Em 2016 chegou o primeiro curso na área e foi realizado o primeiro Fórum de Cuidados Paliativos pelo Conselho Regional de Medicina do Estado da Bahia (CREMEB). A partir de 2017 foram realizados eventos denominados Café Paliativo Integrativo que promovem a troca de experiências entre as equipes e divulgam os serviços. O modelo aplicado para realização desse evento também serviu de inspiração para outras cidades, a cada mês, uma instituição de saúde organiza o encontro que serve para capacitar equipes.

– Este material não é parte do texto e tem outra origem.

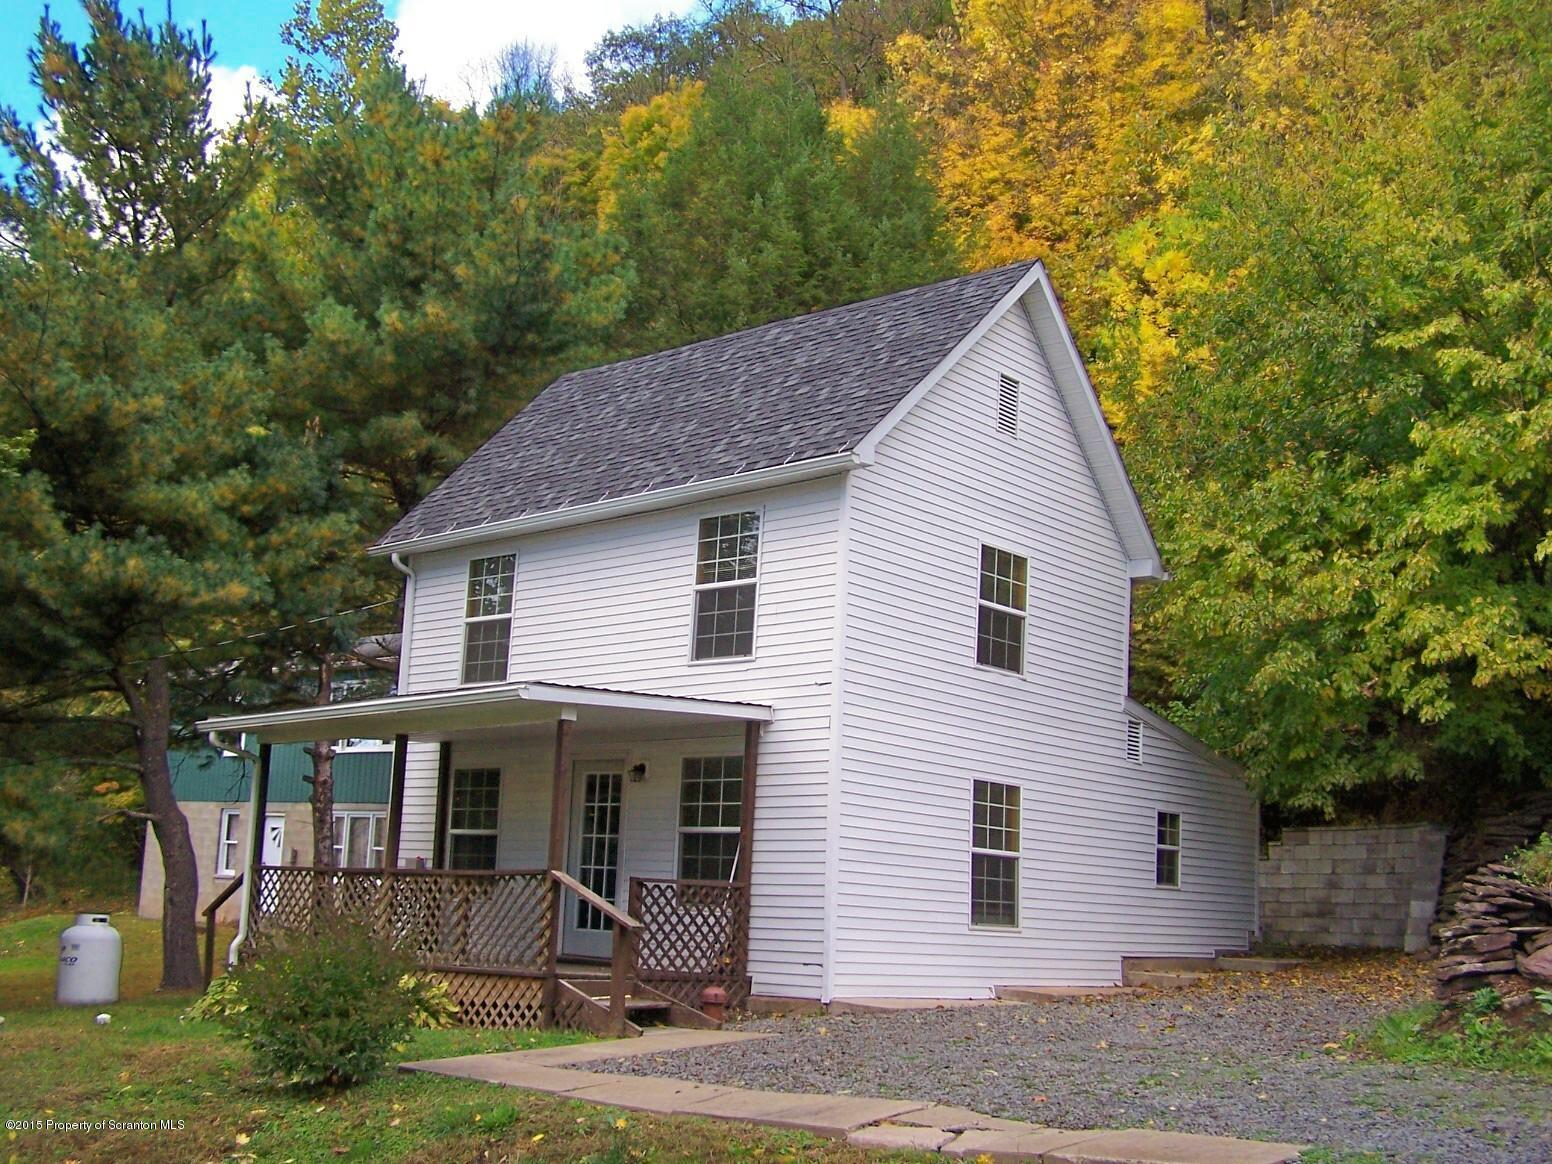 244 Dug Rd, Mehoopany, Pennsylvania 18629

Em novembro de 2022, o Conselho Nacional de Educação (CNE) homologou a inclusão dos Cuidados Paliativos nas Diretrizes Curriculares Nacionais dos cursos de Graduação em Medicina no Brasil. A intenção é que as novas gerações de médicos incorporem a lógica do tratar integralmente a pessoa, sem reduzir a vida humana a meros sintomas, fenômenos biológicos sujeitos à tecnologia médica.

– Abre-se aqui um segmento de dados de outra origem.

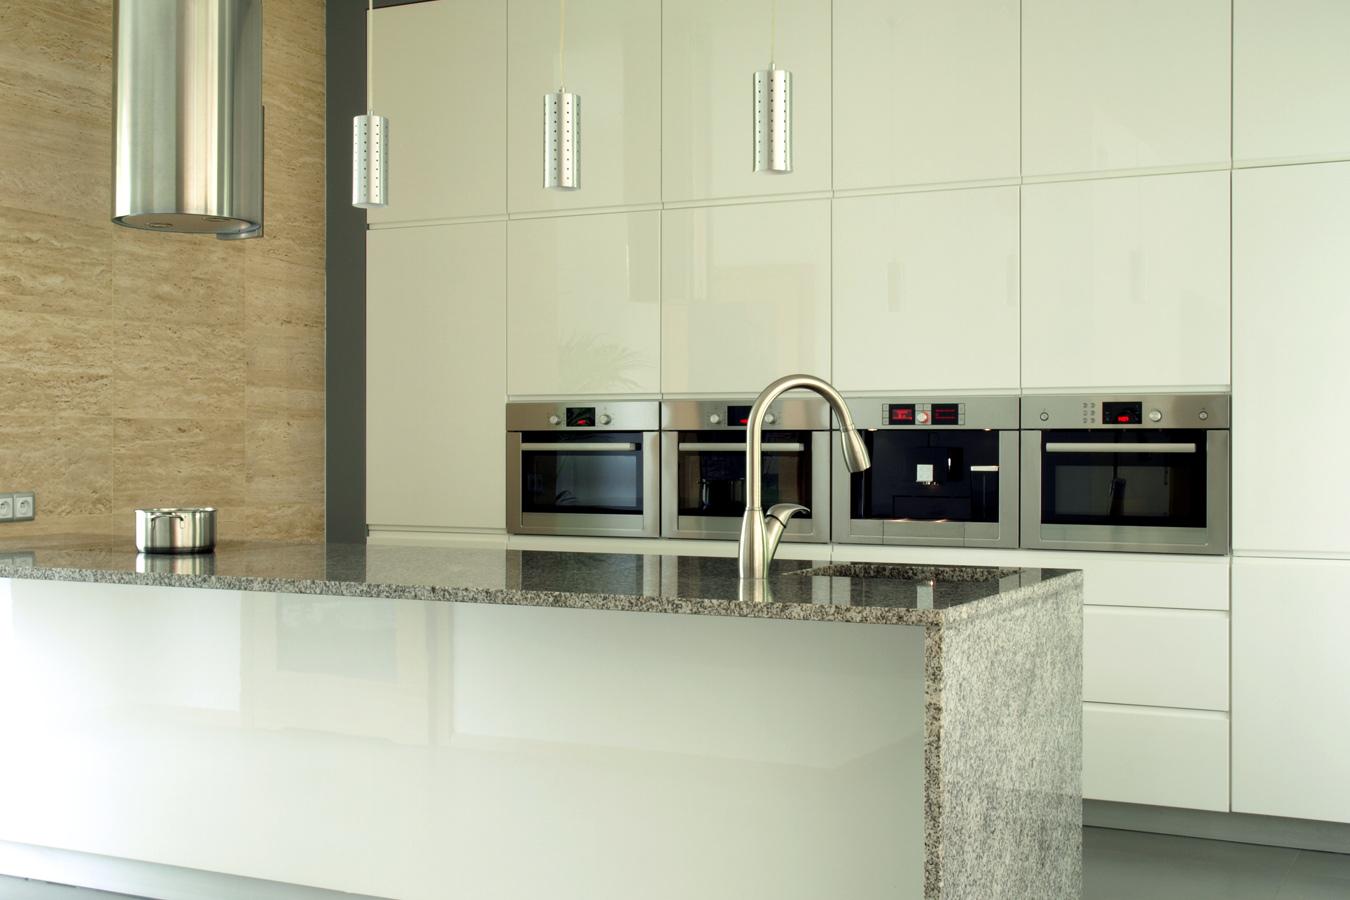 Moderne keukens idee n inspiratie for Moderne keuken ideeen

A Política Nacional de Cuidados Paliativos (PNCP) no SUS foi instituída pela Portaria do Ministério da Saúde GM/MS 3.681 de maio deste ano, prevendo consultas e exames encaminhados pela Equipe de Saúde da Família (ESF) com menos burocracia e grupos matriciais para atendimento humanizado. A expectativa do órgão é que 1.300 equipes sejam implantadas em todo o país, para permitir uma assistência especializada e humanizada. A intenção é estender para as regiões Norte e Nordeste os serviços que estavam concentrados no Sudeste, Sul e Centro Oeste, criando equipes multiprofissionais, disseminando informação e educação permanente e viabilizando o acesso a medicamentos e insumos para quem está em Cuidados Paliativos.
A nova medida chega após anos de mobilização popular e de segmentos de profissionais e organizações em todo o país que defendem a democratização do acesso aos Cuidados Paliativos, para proporcionar a todos uma morte digna.